Я знал достаточно, чтобы понять, какую честь он мне оказывает дурачеством своим. Его достоинство бывало леденящим; он не позволял с собой шутить не только богатейшим спонсорам, но и царям наверно… А вот такое берег для равных.
— Можно мне прийти к тебе на вечеринку? Я замужняя женщина, дорогой, хоть и покинутая. Деревенской девушке нужна компаньонка среди всех этих мерзких, ужасных мужчин.
Так началась наша дружба; и длилась до самой его смерти. Одна только тень омрачила тот день; нелепая, глупая случайность. Дион, будучи в Афинах, считал своим долгом чтить обычаи своих хозяев и присутствовать на всех священных праздниках. Был он и на том празднике Диониса; но мне и в голову не приходило, что он может зайти за сцену. А он зашел. Та пьеса не оскорбляла ни его благочестия, ни моральных устоев; и похоже, его тронуло мое исполнение старой Алтеи, когда она, только что убив собственного сына, вновь начинает мстить. Так или иначе, он решил меня поздравить.
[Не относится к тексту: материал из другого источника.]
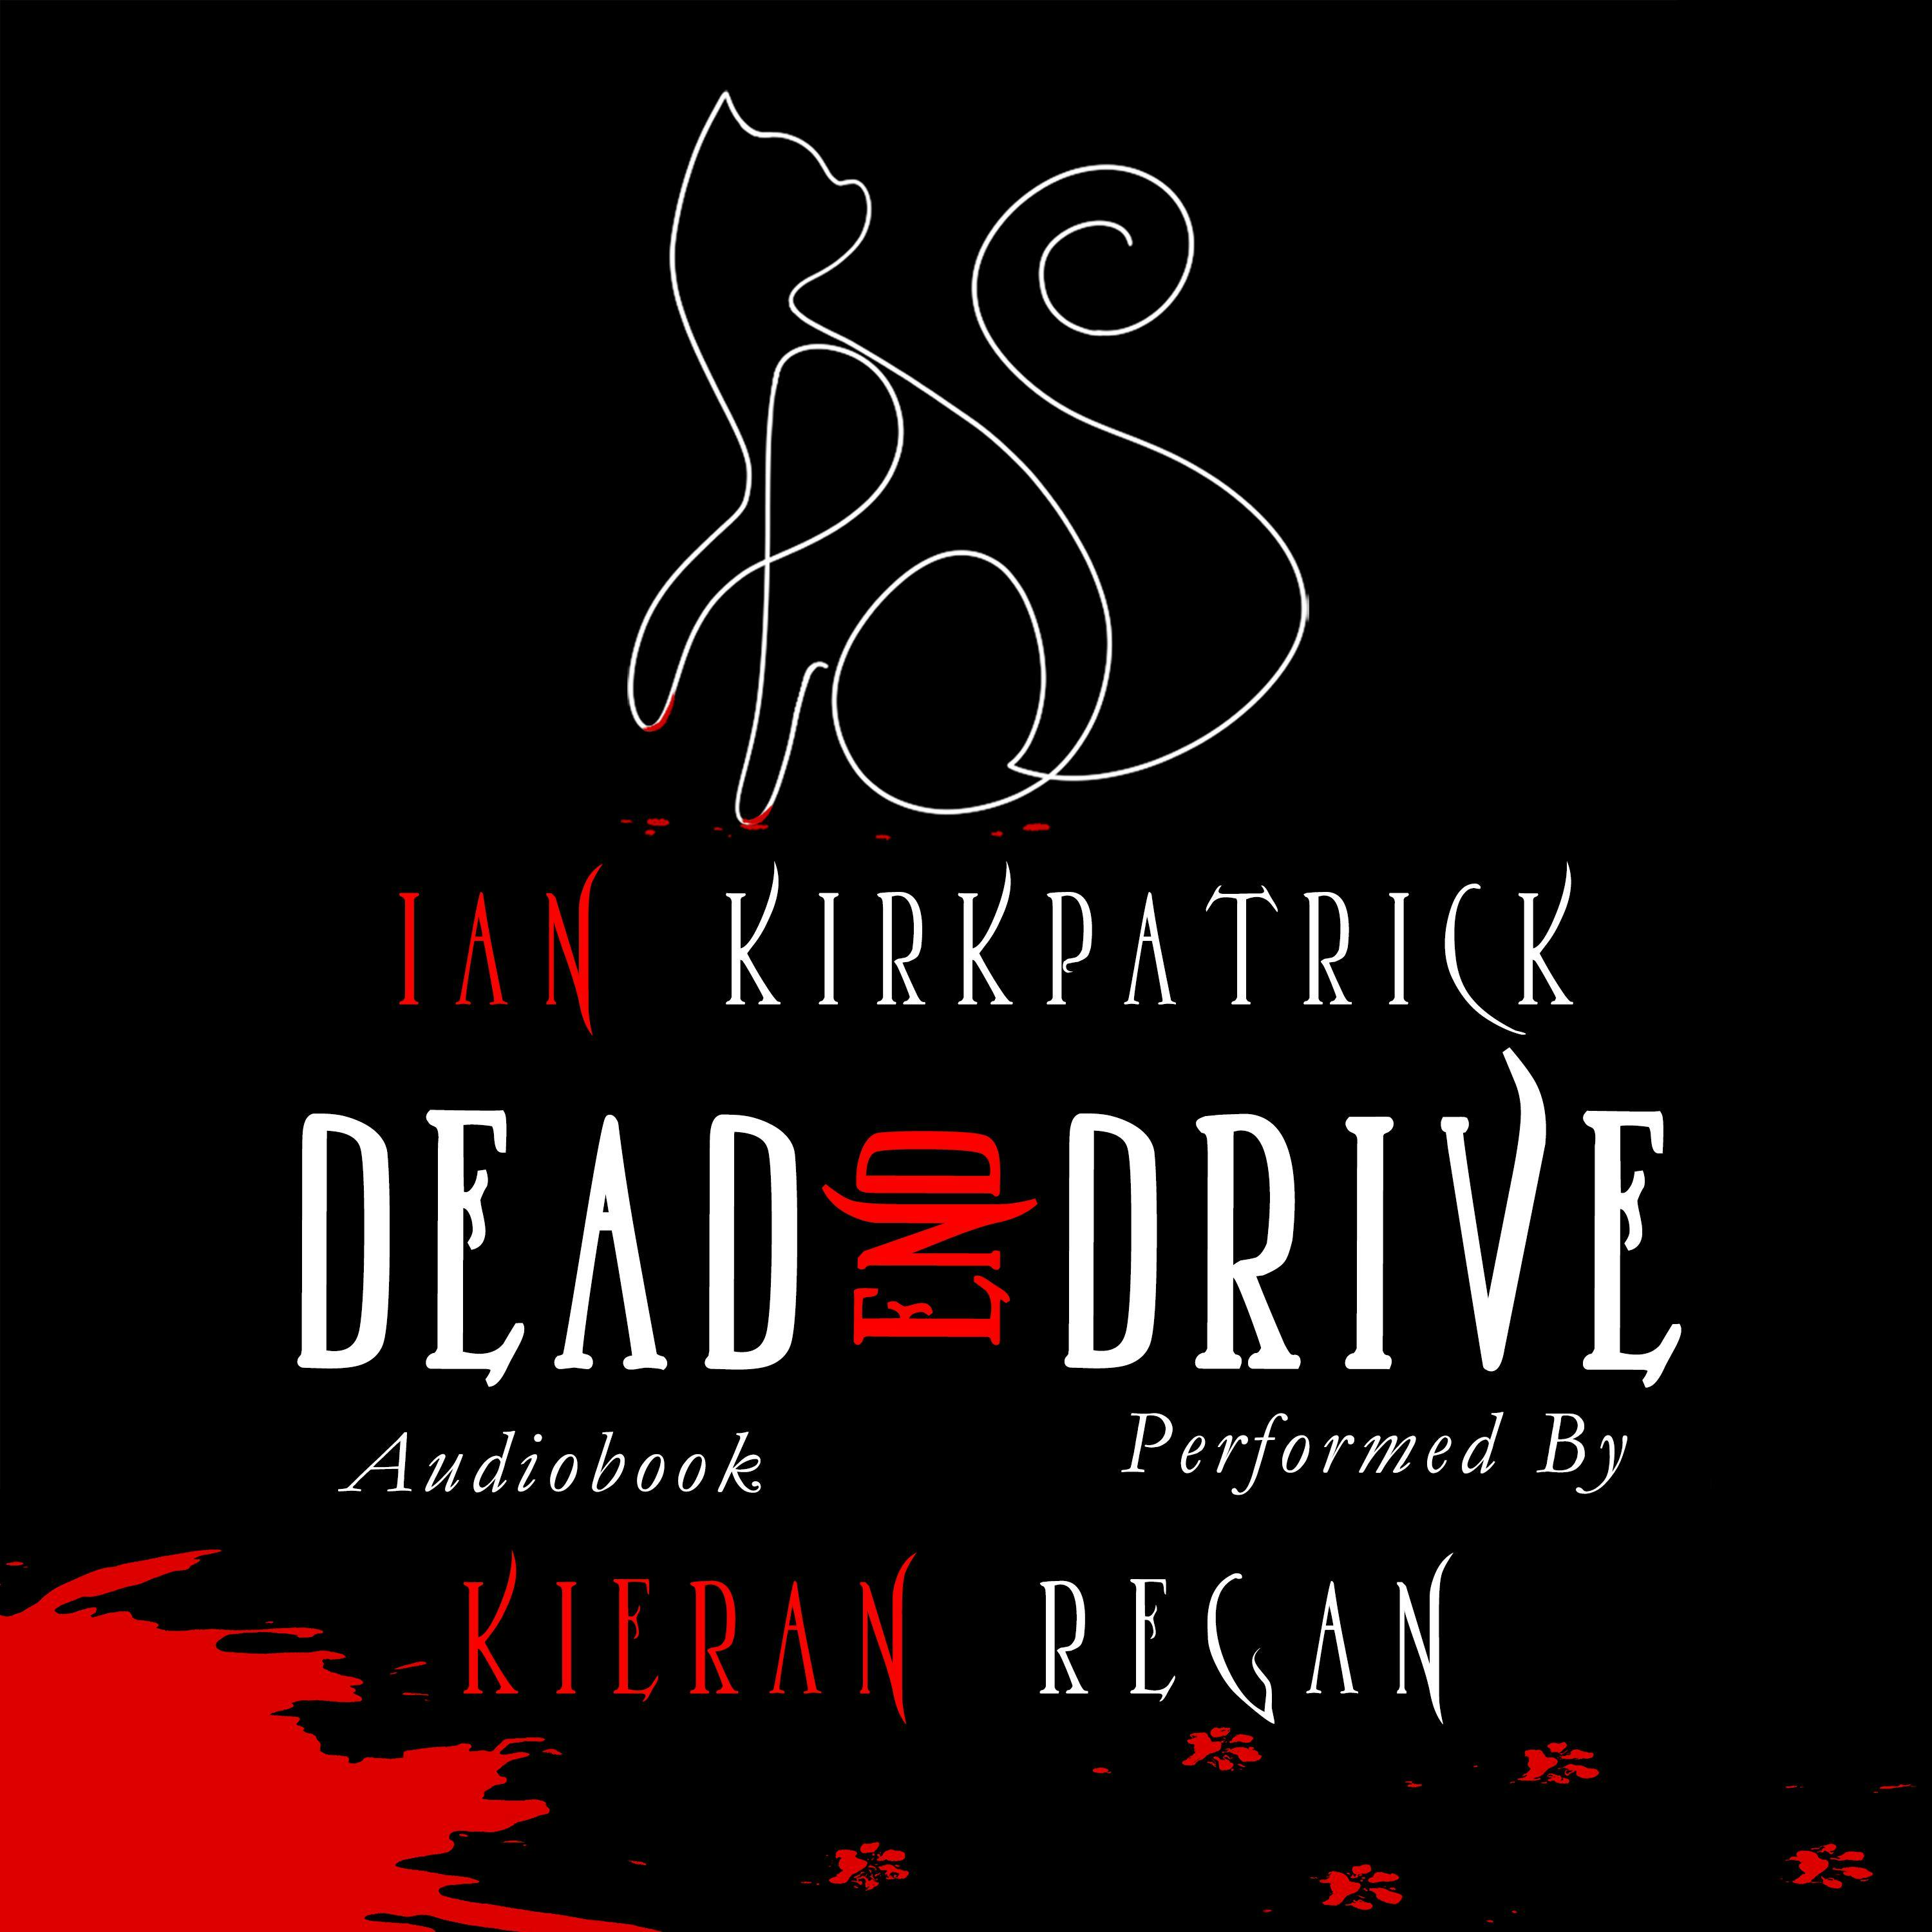 Dead End Drive - Ian Kirkpatrick

Но к тому времени, когда он собрался, все порядочные люди уже разошлись; у меня остались только актеры, гетеры, старые друзья; а Теодор, возненавидевший свою роль, взялся пародировать ее: забрался на стол — вместо берега Наксоса — и завывал слова собственного сочинения. Когда Дион появился в дверях, все затихли, словно класс при входе директора школы. Из вопящей шлюхи в высокопоставленного дипломата Теодор превратился моментально, — но всё равно опоздал. Как бы ни был шокирован Дион, учтивость ему не изменила ни на миг; он сказал, что мне причиталось. Но глаза наши встретились; и его говорили: «Как ты можешь так жить?», а мои: «Постарайся понять». Однако, вероятно эта сцена вполне вписывалась в его представления, которые не мешали ему хорошо ко мне относиться. Скоро он меня простил и стал вести себя как прежде.
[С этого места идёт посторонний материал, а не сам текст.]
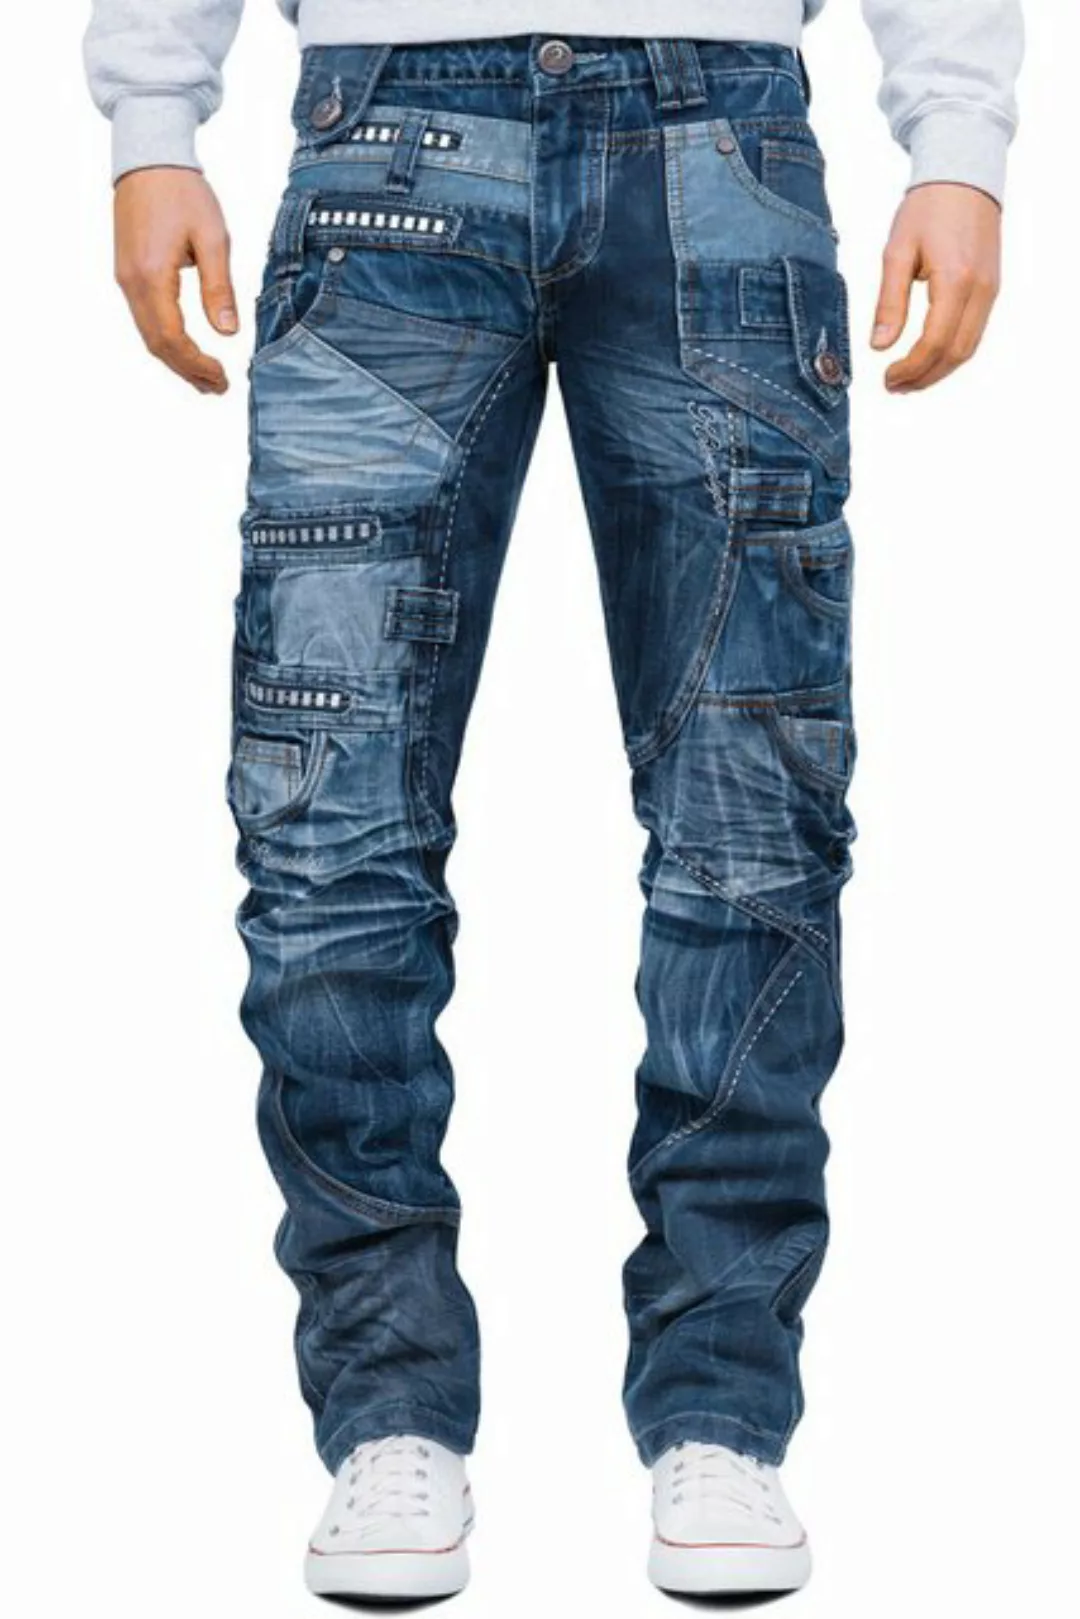 Kosmo Lupo 5-Pocket-Jeans Auffällige Herren Hose BA-KM001-1 Schwarz W29/L32 günstig online kaufen

От Леней до Дионисий время пролетает быстро. На Дионисиях у меня была хорошая роль, но и у Теодора тоже; он вполне заслуженно победил; а кроме того, если бы его не было, я мог бы проиграть и Филемону. Но принимали меня хорошо; я стал уже таким протагонистом, за которым спонсоры гонялись, — и был вполне доволен жизнью. А вскоре мне домой принесли письмо от Диона. В нем были разные хорошие слова по поводу моего выступления, а потом вот что: «Я знаю, что ты разделишь нашу радость, когда узнаешь о возвращении Платона. Он уже в Тарентуме и собирается в Афины при первом попутном ветре.»
14
Дионисия побудило расстаться с Платоном отнюдь не возвращение весенней погоды, удачной для плавания. Причиной стала война.
Дион, зная карфагенян, старался чтобы они не прослышали об его опале; в результате они обнаружили, что он изгнанник, не способный ни помочь им, ни повредить. Их послы имели дело с Дионисием и Филистом; первого они презирали, второму не верили. Всю зиму они готовились к войне, и весной напали.
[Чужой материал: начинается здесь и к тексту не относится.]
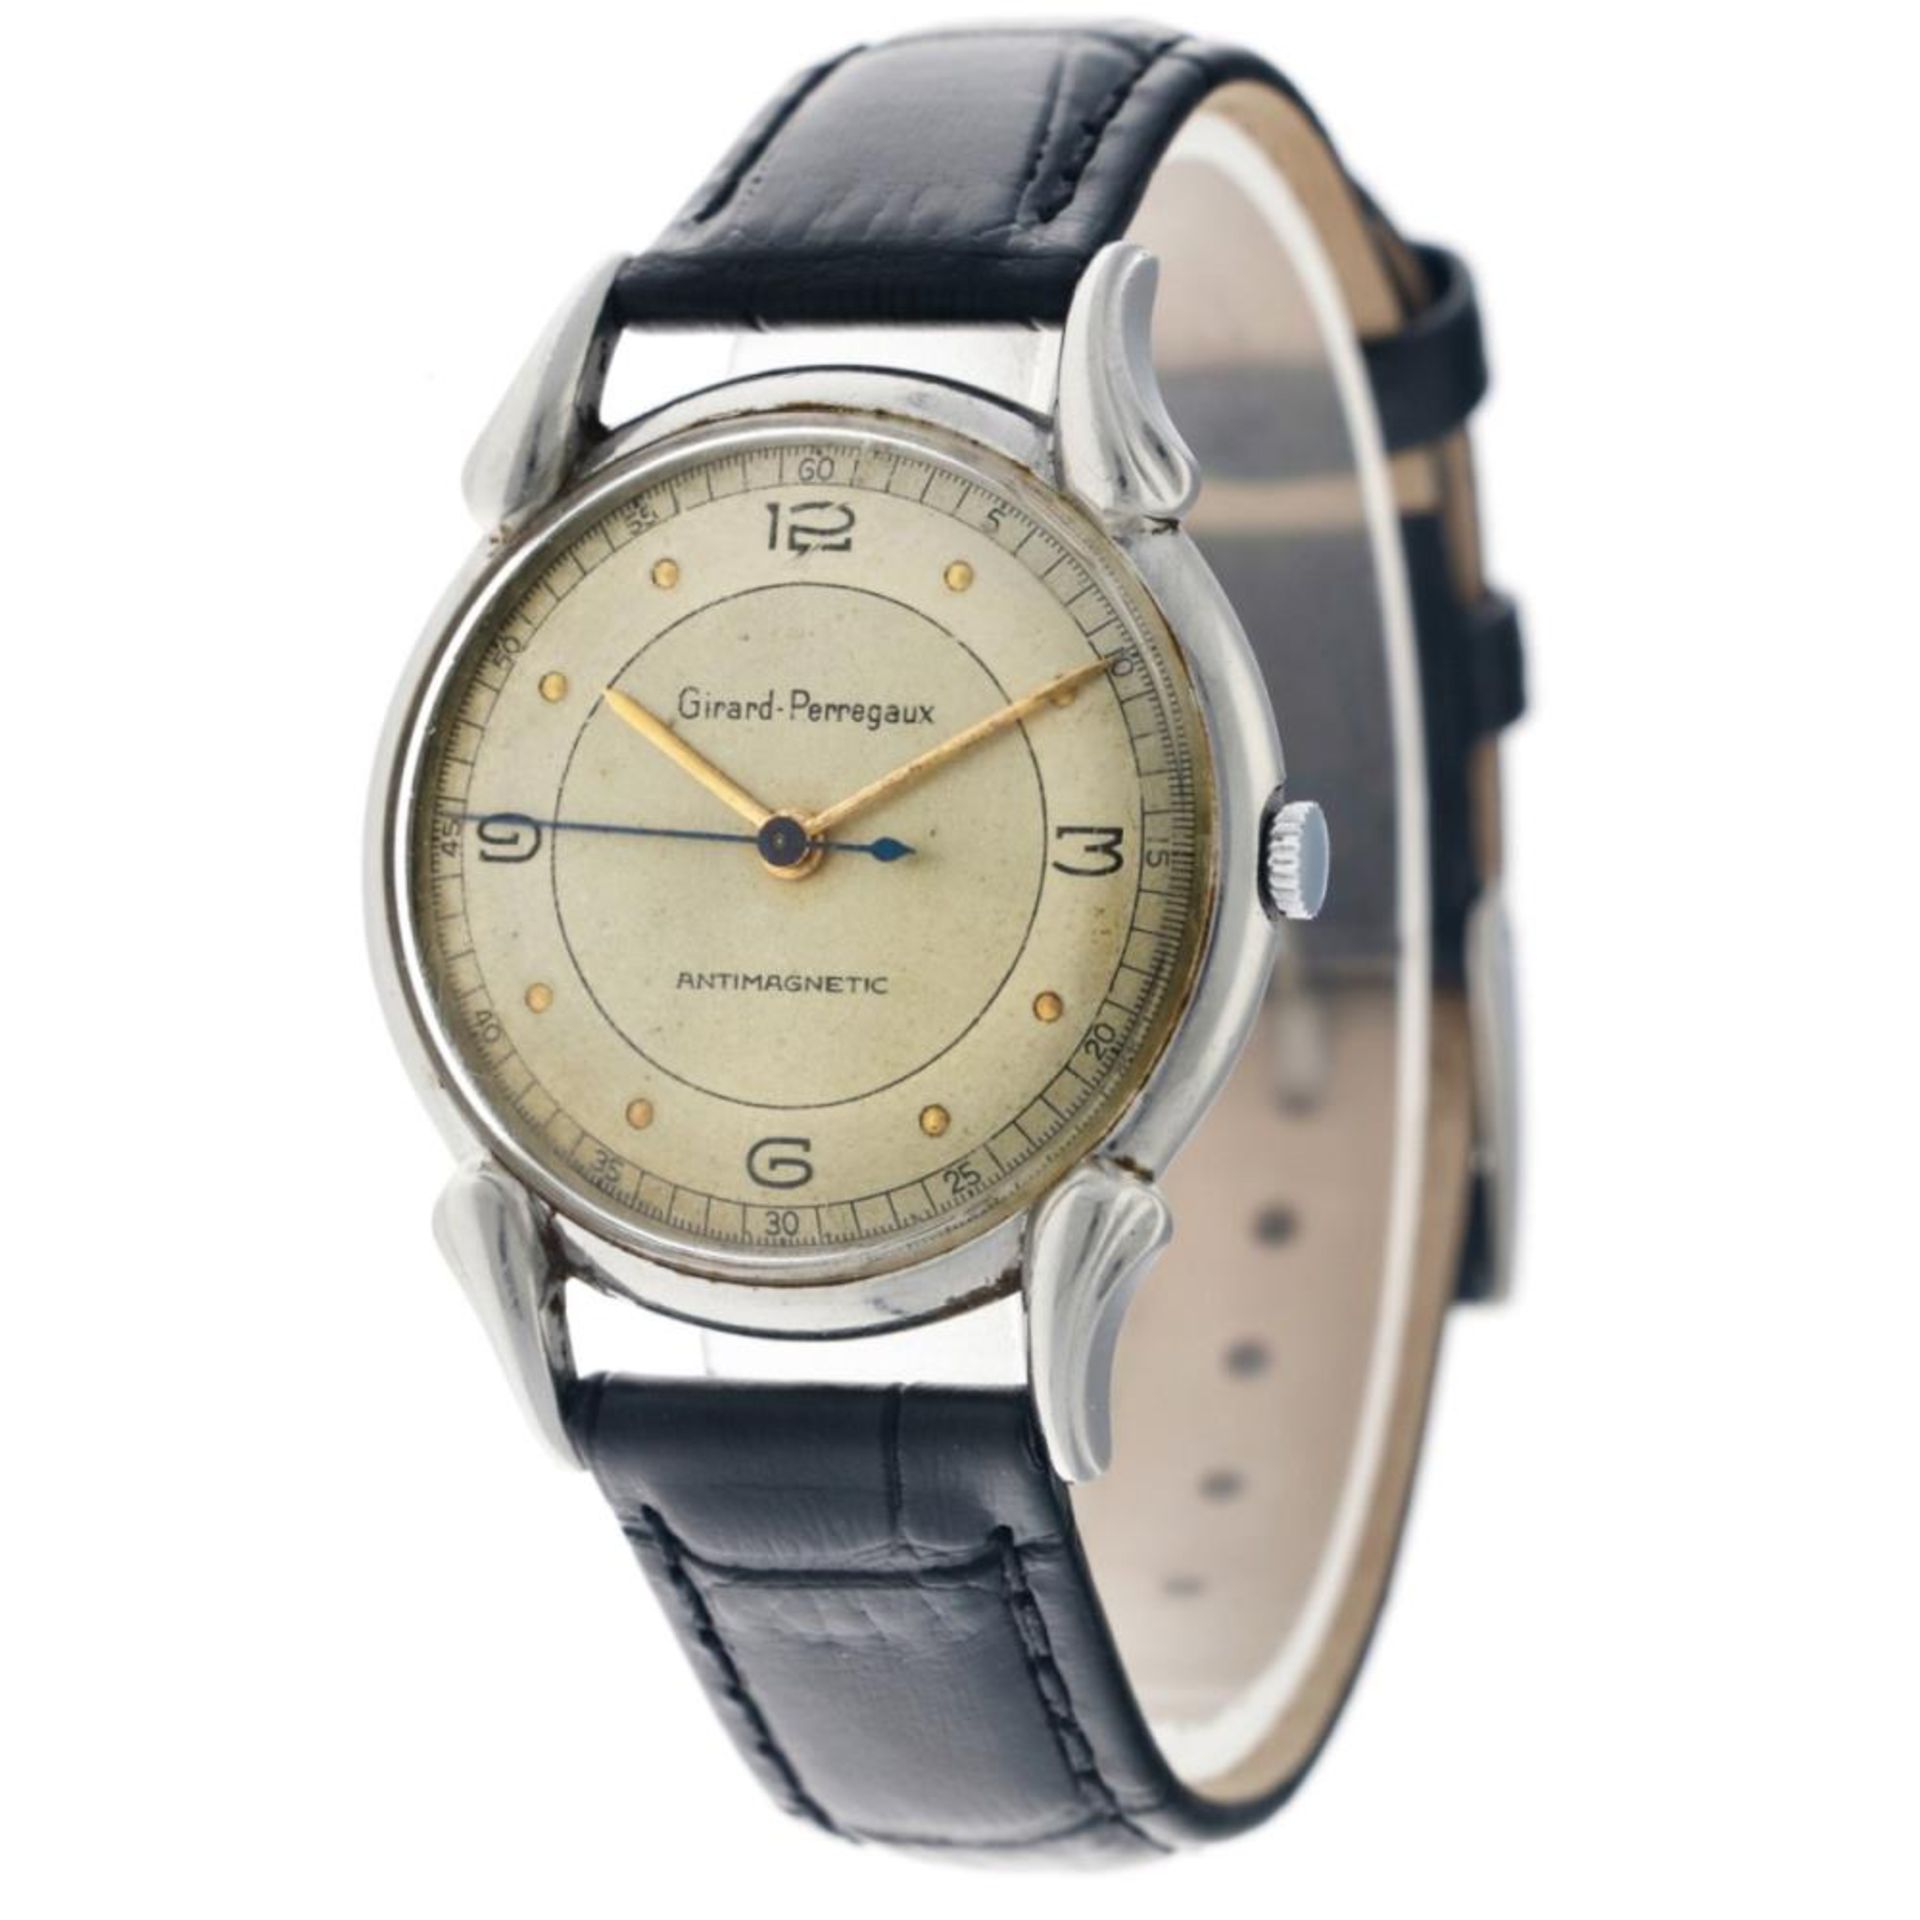 Girard-Perregaux Dogleg 494779 - Men's watch - approx. 1950. - Image 4 of 14

Позже, Спевсипп рассказывал мне историю той зимы. Пока Платон был болен, весь город говорил, что Архонт переживает больше, чем когда его собственный отец умирал. Но едва опасность миновала и Платон поднялся на ноги, снова начались прежние мучительные сцены; всегда с одним и тем же требованием — быть первым среди друзей. Спевсипп вытерпел даже больше чем мог. По его словам, это напоминало школу, в которой маленький мальчик влюбился в другого. Но он признавал, что бедняга кажется страдал по-настоящему.
Человек низкий стал бы ему льстить; человек обычных достоинств быстро лишил бы его всяких надежд. Но Платон рассчитывал воспользоваться любовью Дионисия, чтобы привлечь его к философии; он посчитал бы позорным отвергнуть эту любовь ради собственного спокойствия. Терпеливо и самоотверженно он старался использовать то обаяние, что Дион помнил уже двадцать лет, чтобы превратить своего тюремщика в арестанта. Спевсипп рассказывал, это было похоже на диалог рыбы и птицы: каждый звал другого в среду, в которой тот жить не может. Для одного вершиной любви было совершенство, для другого — обладание.
— Ну, тут во многом его отец виноват — заметил я. — Ведь пока он был жив, бедному малому ни капельки самоуважения не позволяли. А теперь он дорвался, как голодный до пиршества, и хватает со стола всё что видит. Где ему было манер набраться? Отнеси это на счет нищеты его.
— Не думаю, что в юности ему досталась хотя бы половина тех бед, какие пережил Платон, — ответил Спевсипп нетерпеливо. — Война, осада, смерть друзей; и не только в боях — от рук друзей тоже… Родных его убили как тиранов, — и по сей день презирают, — а потом еще и Сократа, которого он любил и почитал превыше всех, тоже убили, по приговору… Но что с того; кто вопит, того и жалеют. Так или иначе, он продолжал повторять Дионисию, что путь к его расположению через философию лежит; а Дионисий постоянно отвечал, что сначала он должен от Диона отречься; потому что иначе — где гарантия, что он учит и советует правильно? Филист его с самого начала предупреждал, что Платон старается его ослабить, чтобы Дион мог власть захватить. Так что ему нужно было доказательство верности, понимаешь?
Это поразило даже меня:
— Вот это да! И Платон глотал все эти оскорбления?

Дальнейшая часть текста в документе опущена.